The bill was 153 pages long. It was written only the day before, by Washington insiders working in the dark of night. It was crammed with giveaways and legislative spare parts: tax breaks for wind farms and racetracks. A change to nuclear-weapons policy. Government payments for cheese.
And, most significantly, the bill will raise taxes but do relatively little to cut government spending or the massive federal deficit.
To a tea-party-influenced crop of House Republicans, the bill to resolve the “fiscal cliff” crisis was everything they had wanted to change about the way Washington worked. Too rushed. Too bloated. Too secretive. Too expensive.
“There’s lots and lots of pork in this bill,” said Rep. Darrell Issa (R-Calif.), one of its most outspoken opponents.

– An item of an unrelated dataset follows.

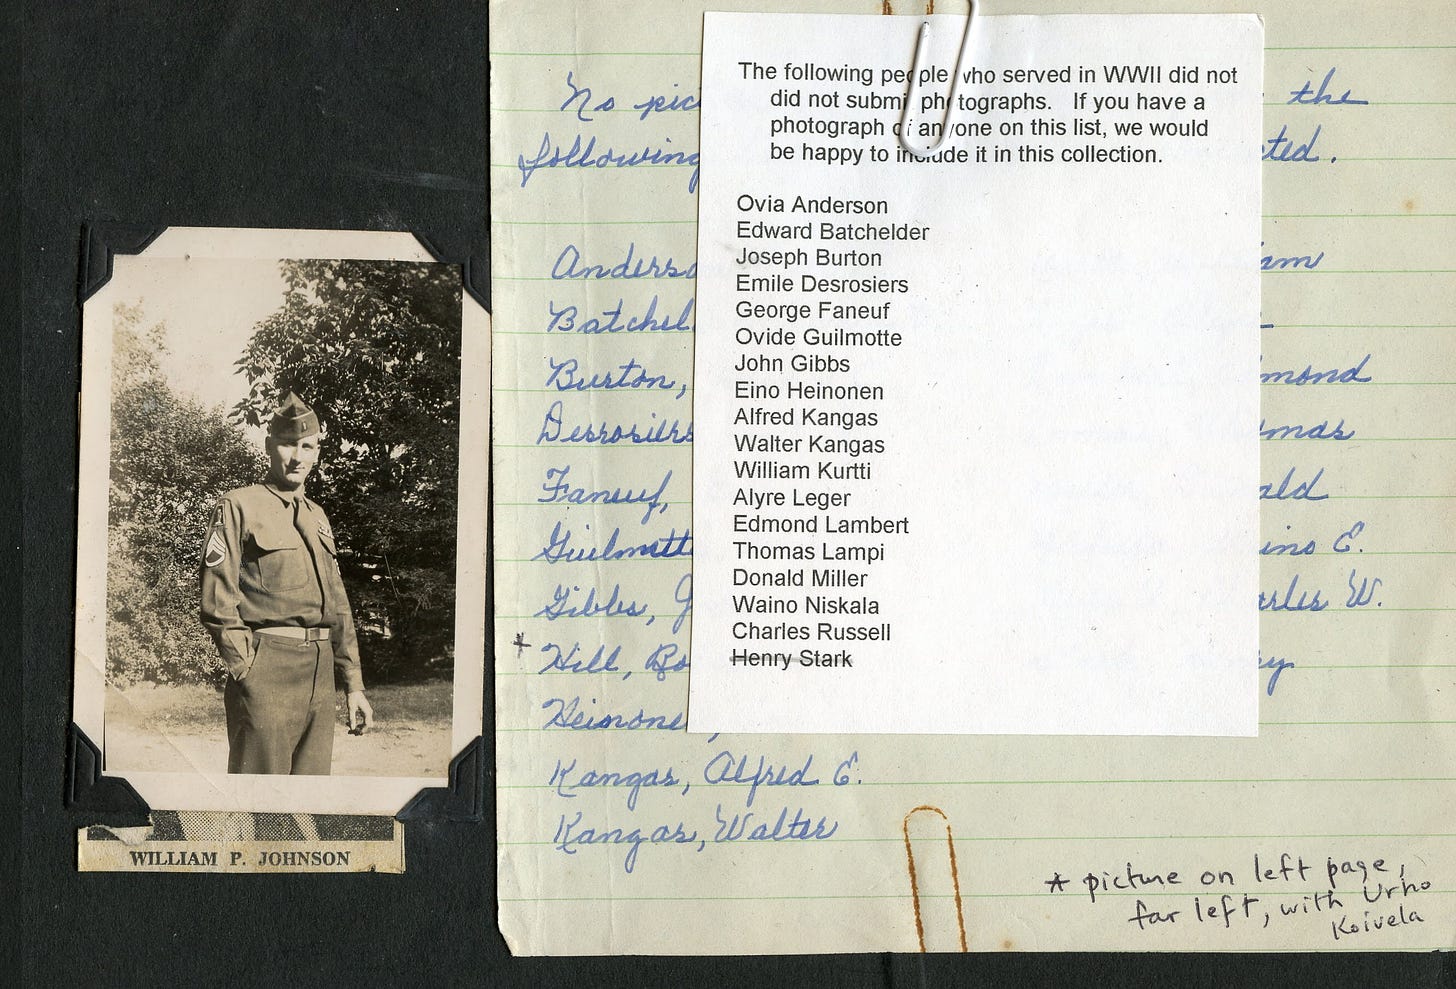 Missing photos for these WWII veterans

On Tuesday, however, it passed on their watch. After the Senate approved the compromise, it briefly appeared that the GOP-led House would rebel against the bill. But the threat faded: For many Republicans, it appeared, the risk of rejecting the bill — and courting economic calamity — outweighed their unhappiness with the bill’s contents.
The fiscal-cliff bargain had been worked out on the phone by Vice President Biden and Senate Minority Leader Mitch McConnell (R-Ky.), two 70-year-olds with a combined 68 years in office in Washington. They stepped in after President Obama and House Speaker John A. Boehner (R-Ohio) tried, and failed , to reach a far-reaching agreement to tackle the debt.

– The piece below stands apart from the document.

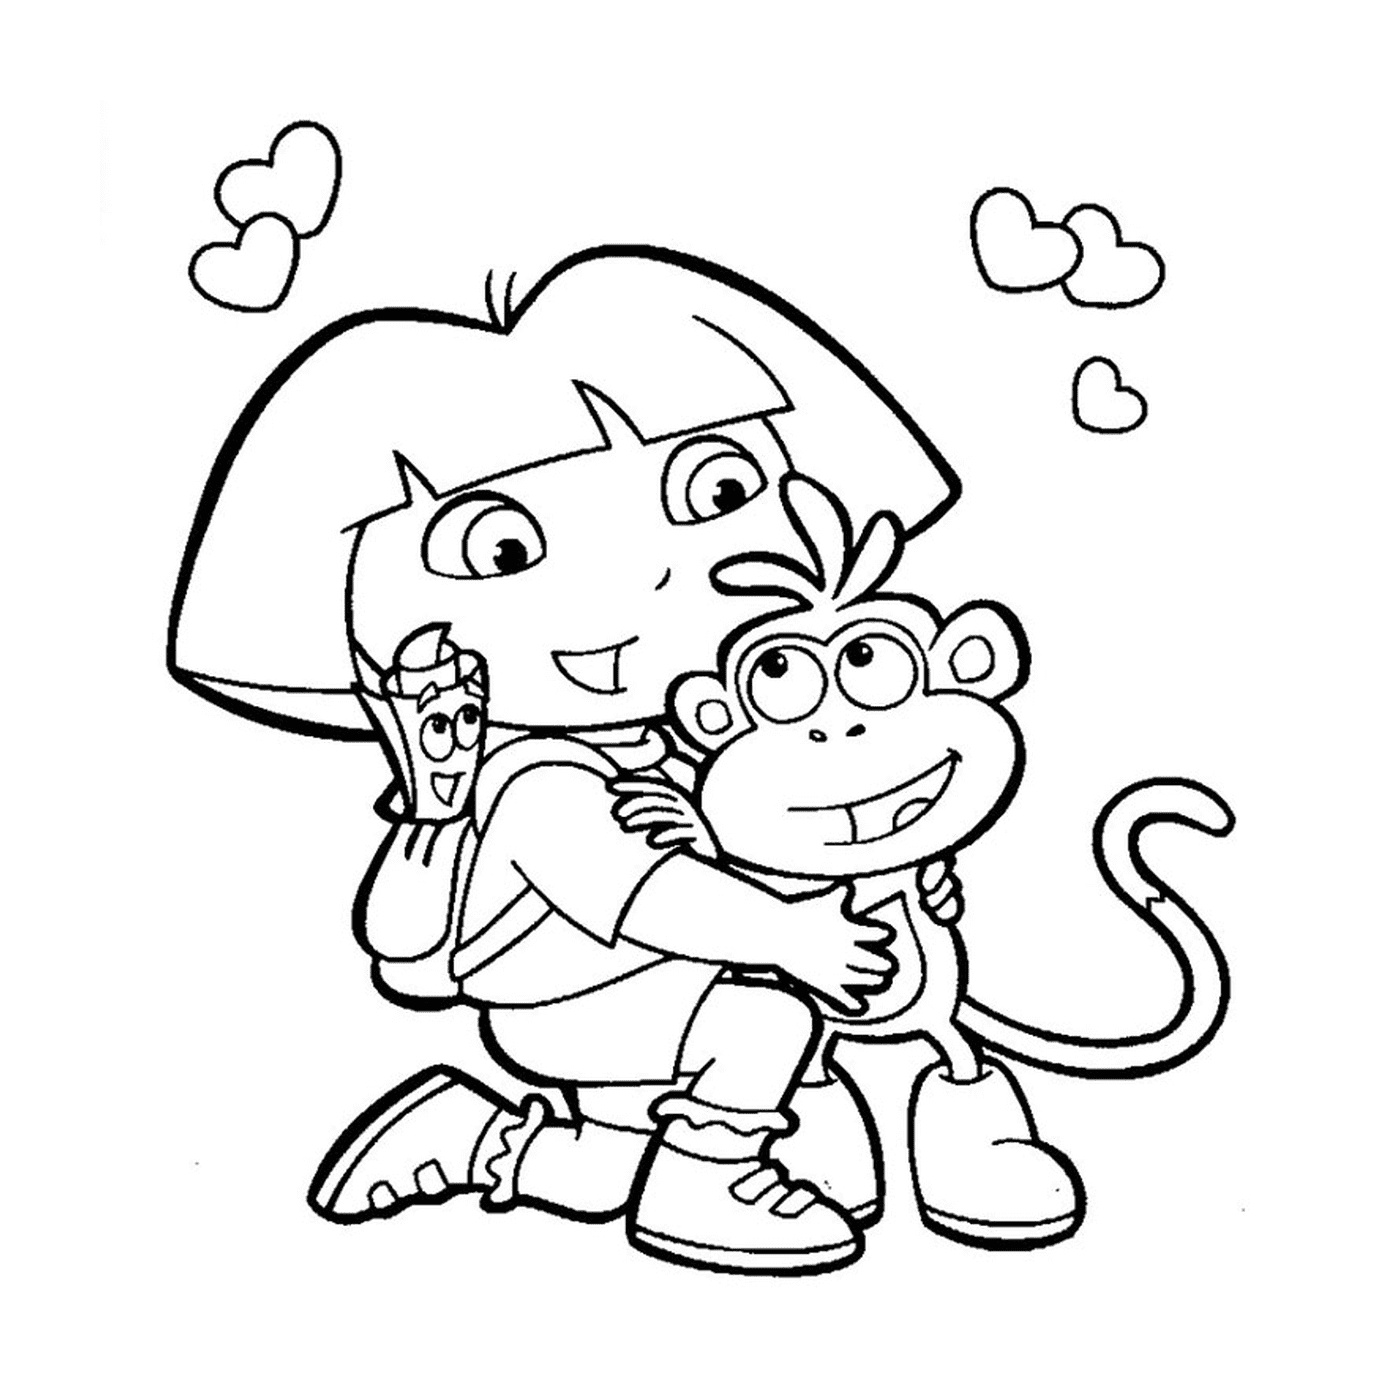  Dora holds a monkey with affection

Instead, McConnell and Biden lowered their ambitions and cut a “small deal.” It will raise marginal tax rates only for a sliver of high-earning individuals and avert a massive budget cut by pushing it back for two months.
But “small” was really not the the best description. The bill carries a substantial cost.
Although it will raise some taxes, it also will extend the vast majority of the George W. Bush-era tax cuts, as well as loopholes for many businesses. In all, the bill will cause deficits to rise by nearly $4 trillion over the next decade, according to the nonpartisan Congressional Budget Office. But that estimated increase is based on the massive tax hikes and spending cuts scheduled to take effect without a resolution to the fiscal cliff.
House Republicans wanted the Bush tax cuts to be extended. But they had also wanted big spending cuts. To many conservatives among them, the bill looked like a massive failure of will.
“To pass something at 2 o’clock in the morning, when the senators didn’t even get a real good chance to look at it, we’re tired of that,” said Rep. Joe Walsh (R-Ill.), elected in 2010 and defeated in November. He faced the prospect of casting his final vote in Congress on this package.
“I think it’s important to do it right. There’s a lot of us who feel that way. This is what we did with Obamacare — now look what we’re living with,” Walsh said, referring to the health-care law. “We don’t want to do that again.”
The bill that McConnell and Biden crafted was also not small in a physical sense. It ran to more than 24,000 words of small type. And many of those words had nothing to do with the marquee controversies of the fiscal cliff.
Instead, McConnell and Biden had included Capitol Hill’s version of stowaways: “riders,” unrelated provisions, attached to this bill because somebody in power wanted badly for them to pass.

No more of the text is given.